Is It Hot in Here? Or Is It Just Me?

Last night I talked with my friend Puddin’. We always cover a broad range of topics, such as the following:

  • Mary Poppins’s bloomers
  • Pop-Tarts vs. Frosted Mini-Wheats for breakfast
  • Books (in particular how Alice I Have Been made me suspect Lewis Carroll’s intentions towards little girls)
  • Tom Hanks movies
  • Her son saying “Okey Dokey”
  • Handsome Hot actors

I’d like to open up the last bullet for discussion. Here’s an excerpt of Puddin’ and I’s conversation.

Puddin’: I’ve been abusing my free trial of Netflix. All I do is watch movies….God, Hugh Jackson is hot.

Me: Yeah, he is. ::Sigh:: Until he opens his mouth. Wait, or is that Gerard Butler? One of them sounds like a goofball.

Puddin’: You know who is hot? Channing Tatum. And he’s 30! He’s in my age range! I always feel weird saying Taylor Lautner is hot….

Me: Yeah. I don’t like admitting that I think Taylor Lautner is hot to anyone but you. So Channing Tatum is our new Cabana boy?

When I was a tween (Yes, I just said “Tween.” I’m hip.), I had crushes on tons of guys. But once I got a little older, I remember there really only being 2 go-to hot adult actors: Brad Pitt and Tom Cruise.

And Sean Connery. (And am I the only one who had a little thing for Tommy Lee Jones?) But let’s face it…an 18-year-old couldn’t admit to that. It’s only acceptable for a real adult to say that, not a wannabe adult.

Now there are tons of good-lookin’ actors to drool over.

Who are some of your favorite actors/actresses now and when you were younger?

The ABCs of Thanksgiving

With Thanksgiving being tomorrow, it’s important to give thanks (especially to the cook).

I know it’s easy to focus on all of that tasty food and forget about being thankful. That’s why I’m giving thanks now, so later I can give that huge plate of mashed potatoes and gravy my full attention.

Remember Randy from A Christmas Story? That’ll be me. Except there will be gravy. Lots and lots of gravy.

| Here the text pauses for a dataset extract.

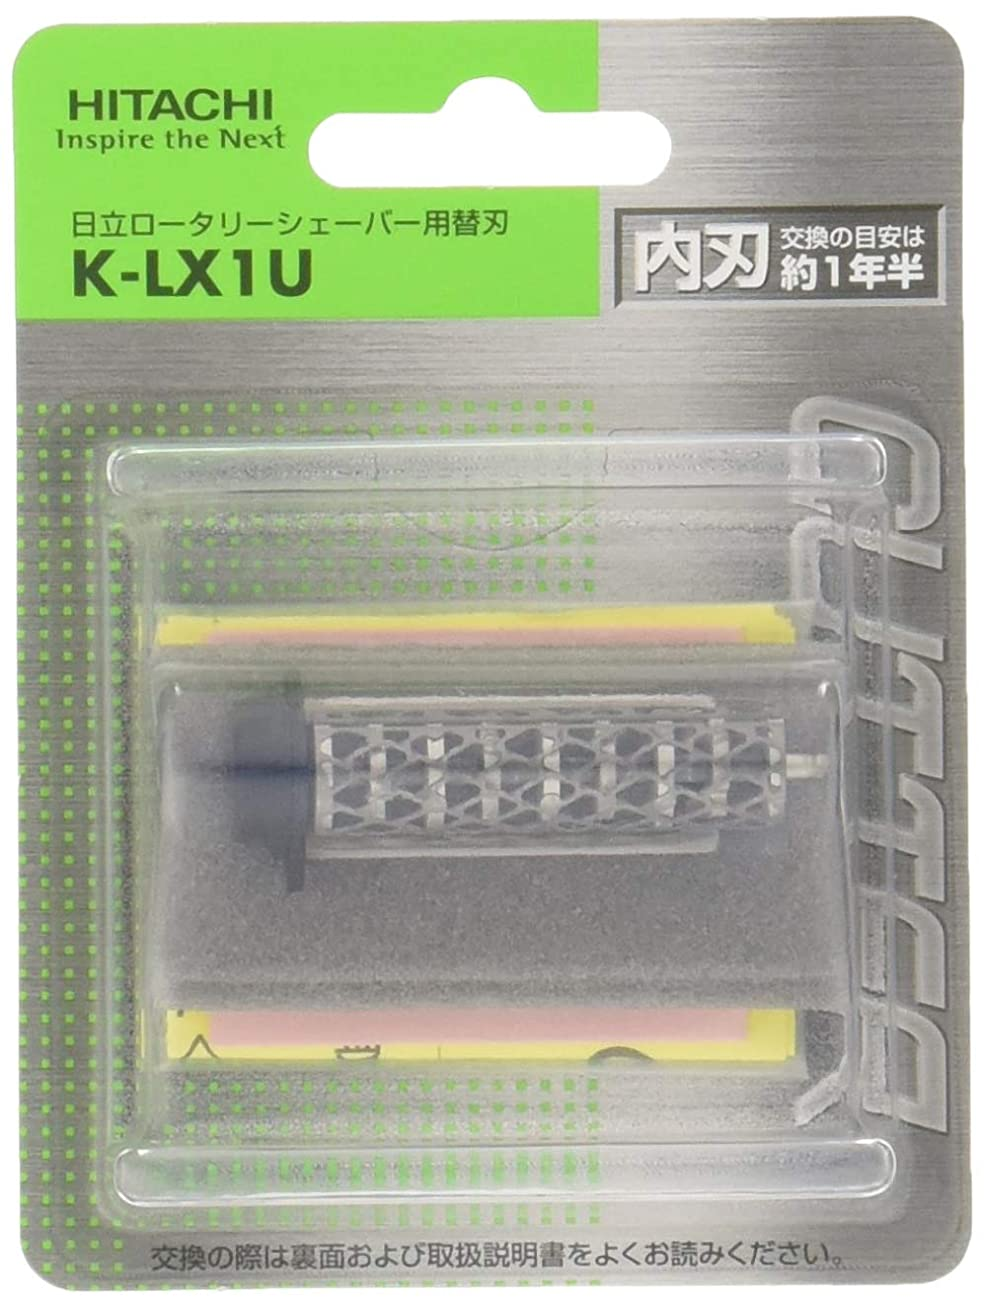 姪行為怪物日立 シェーバー用替刃(内刃) K-LX1U

Here’s a list of things I am thankful for—ABC style:

  • Apple pie with ice cream
  • Blueberry muffins
  • Chocolate
  • Doughnuts
  • Esme (And Isabel and Teva)
  • Family and friends
  • Grandparents (As more of my friends’ grandparents pass away, I’m exceedingly grateful that all of mine are still alive and well.)
  • Home (I love my new place with Blarney, but I love that my parents’ home is always open to me.)
  • Ice cream
  • Job (that I have one)
  • Kiefer and the boys
  • Love
  • Mashed potatoes and gravy
  • Naps
  • Oranges (Real ones, not chocolate ones.)
  • Pop-Tarts (I know you saw this one coming.)
  • Quotes
  • Roommate (Blarney rocks!)
  • Shopping
  • Twinkies
  • Uranus (That planet always makes me giggle.)
  • Velveteen rabbits (Awww….)
  • Winter
  • Xanadu (Putting “xylophones”—the only X word I know—here just didn’t seem right.)
  • You (My blog readers are [to quote The Unabridged Girl] awesomesauce.)
  • Zombies

I hope you all have a wonderful Thanksgiving!